Setka wypucowanych, specjalnie przystrojonych aut wyjechała w środę na ulice Poznania. Głośne trąbienie zapowiadało z daleka nadjeżdżający sznur samochodów, a kierowcy pozdrawiali mieszkańców miasta biało-czerwonymi flagami. - Chcemy odczarować sposób organizacji tego typu imprez - mówi organizator parady kabrioletów.
100 kabrioletów, bo w tym roku wypada okrągłe 100-lecie niepodległości Polski.

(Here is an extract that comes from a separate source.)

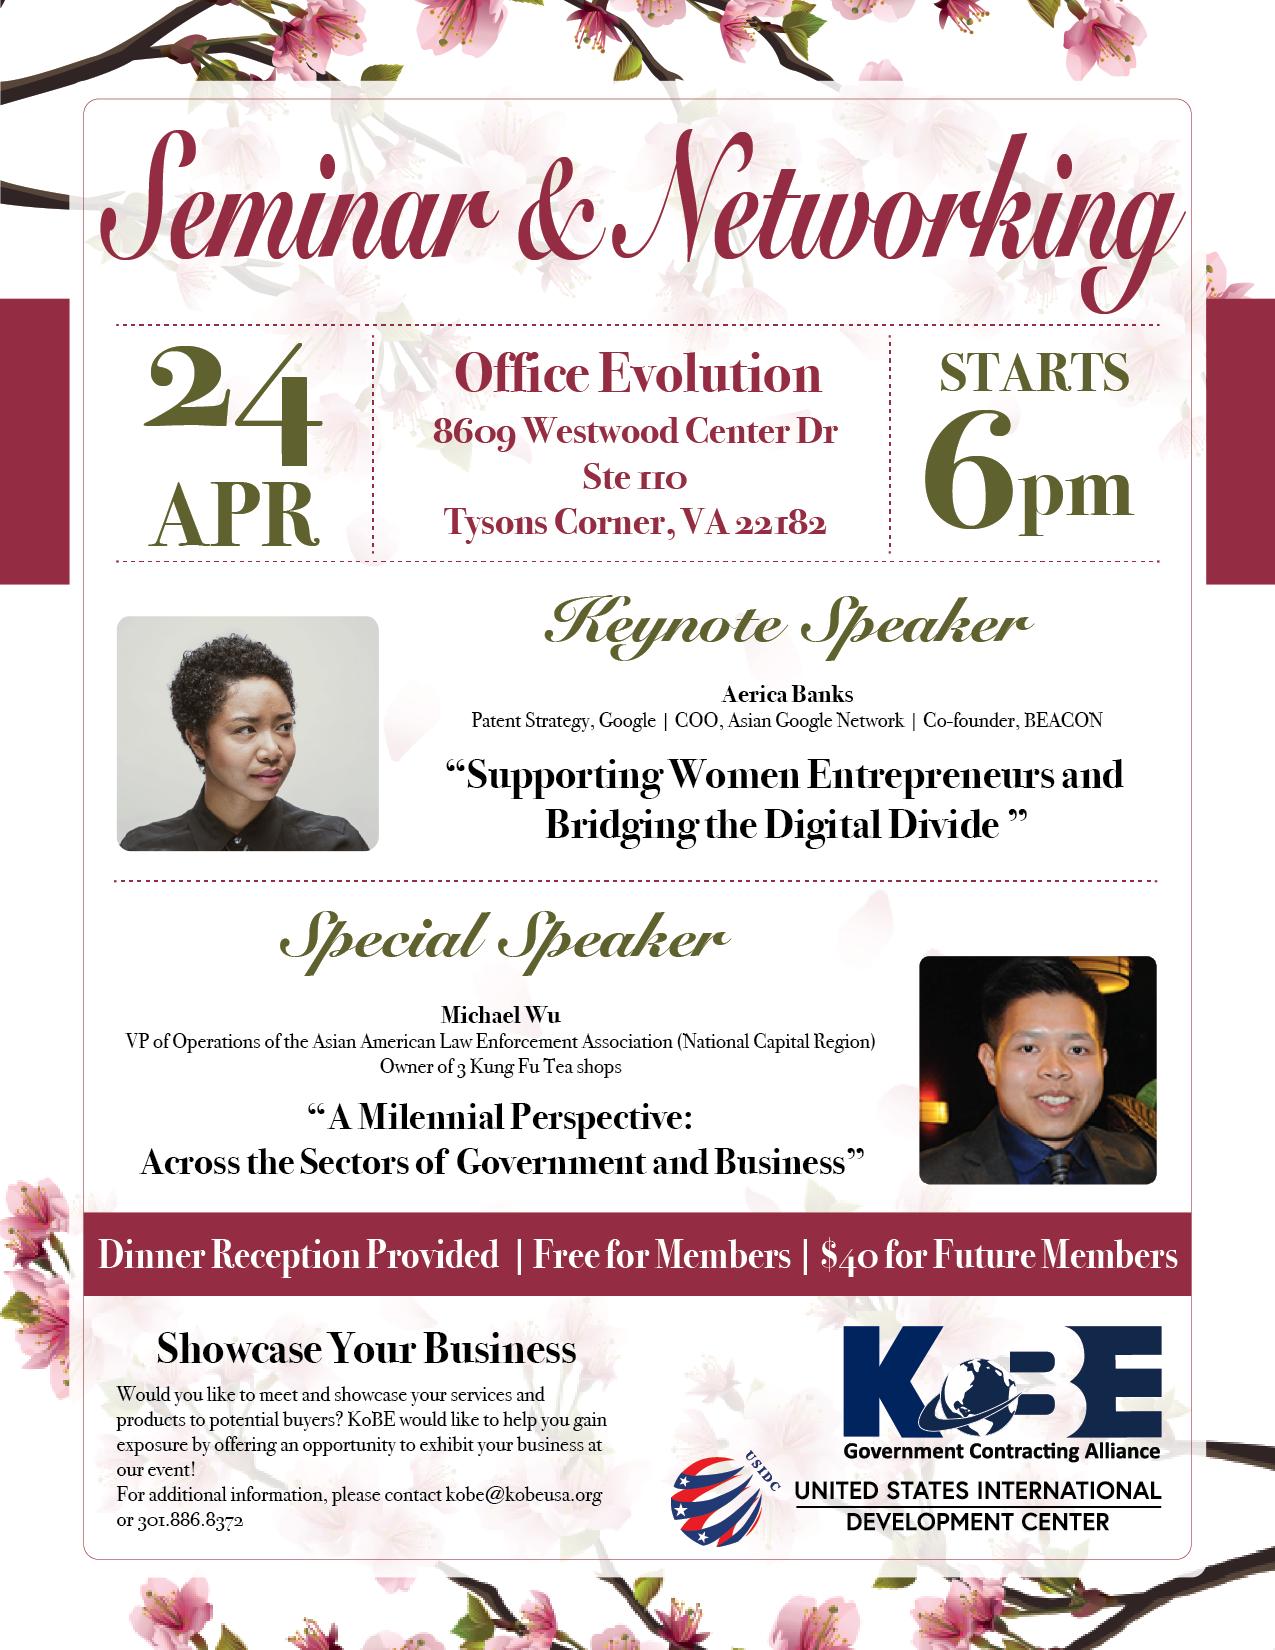 seminar and networking

- Zależy nam na tym, żeby trochę odczarować sposób organizacji tego typu imprez, stąd niestandardowa forma. A że kabriolety i auta otwarte kojarzą się z wolnością, to można uświetnić święto - tłumaczy Arkadiusz Szczepański z Cabrio Poland.
I zabytkowe, i te najnowsze
Poznańską paradę kabrioletów otworzył rolls-royce Silver Ghost z 1907 roku. Tuż za nim ruszyło 99 innych, ale równie wyjątkowych samochodów, bez stałego dachu.

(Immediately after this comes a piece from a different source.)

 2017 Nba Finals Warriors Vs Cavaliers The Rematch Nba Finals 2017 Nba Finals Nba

Mercedesy, volkswageny, ale też fiat 126p - w paradzie brały udział auta rozmaitych marek.
- Od aut "cywilnych", którymi właściciele jeżdżą na co dzień, po takie, które pojawiają się raz na jakiś czas na naszych drogach - mówi Szczepański.

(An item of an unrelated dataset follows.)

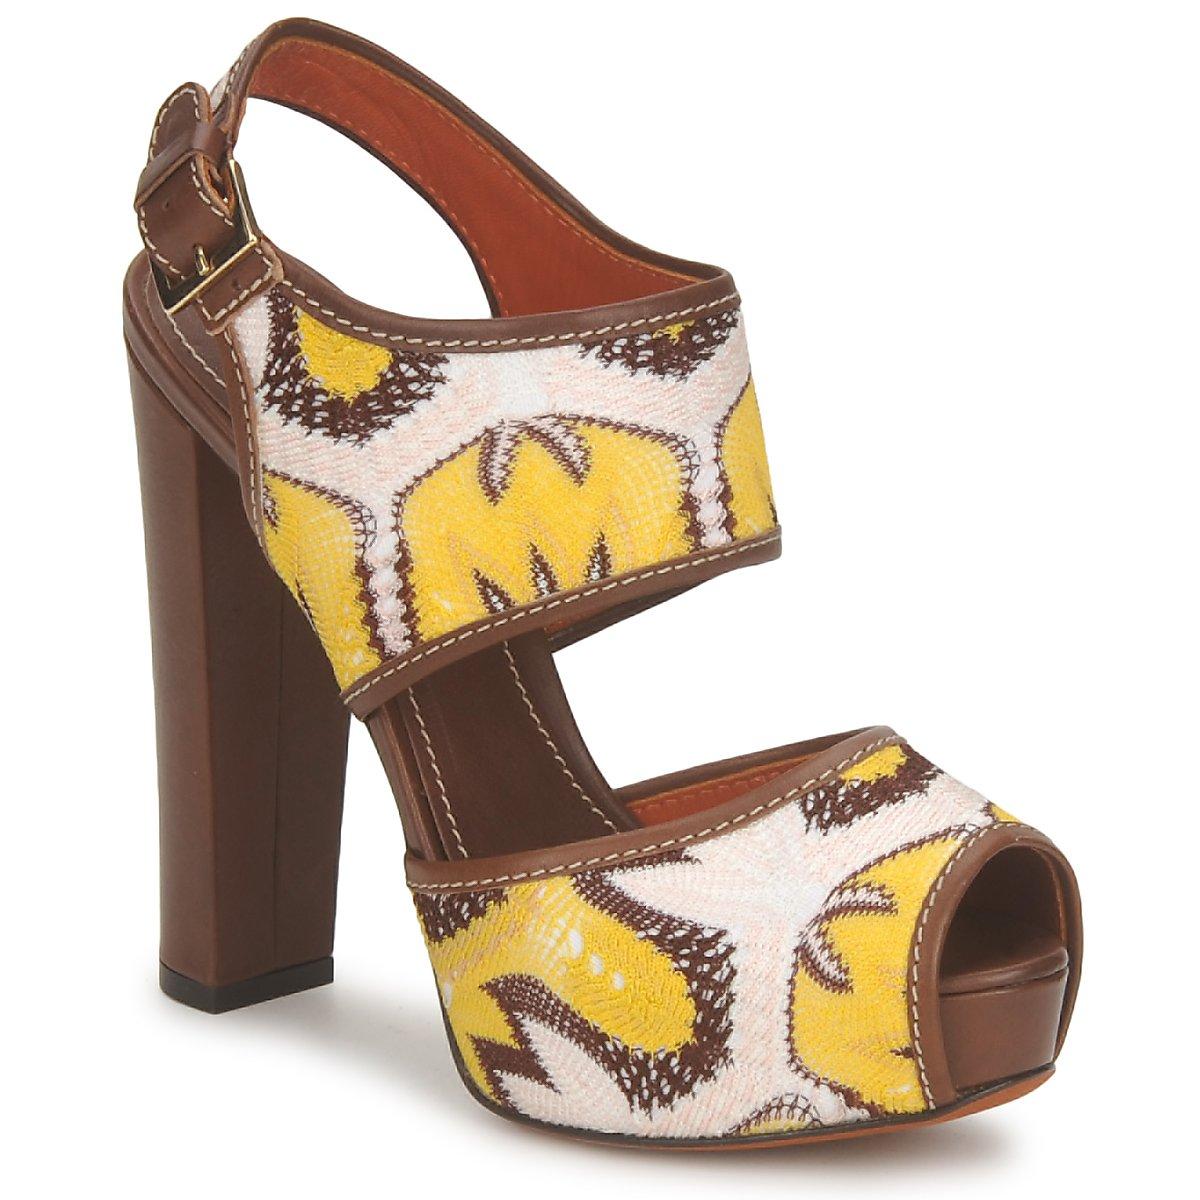 Sandale Missoni TM81 Marron / Beige / Jaune

Parada kabrioletów oficjalnie zainaugurowała wielkopolskie obchody 100-lecia odzyskania niepodległości i wybuchu powstania wielkopolskiego. Rzecznik wojewody Tomasz Stube potwierdził, że pomysł, by wiązać kabriolety z rocznicą niepodległości, nie jest przypadkowy. Jak stwierdził, "auta bez dachu w sposób szczególny kojarzą się z wolnością".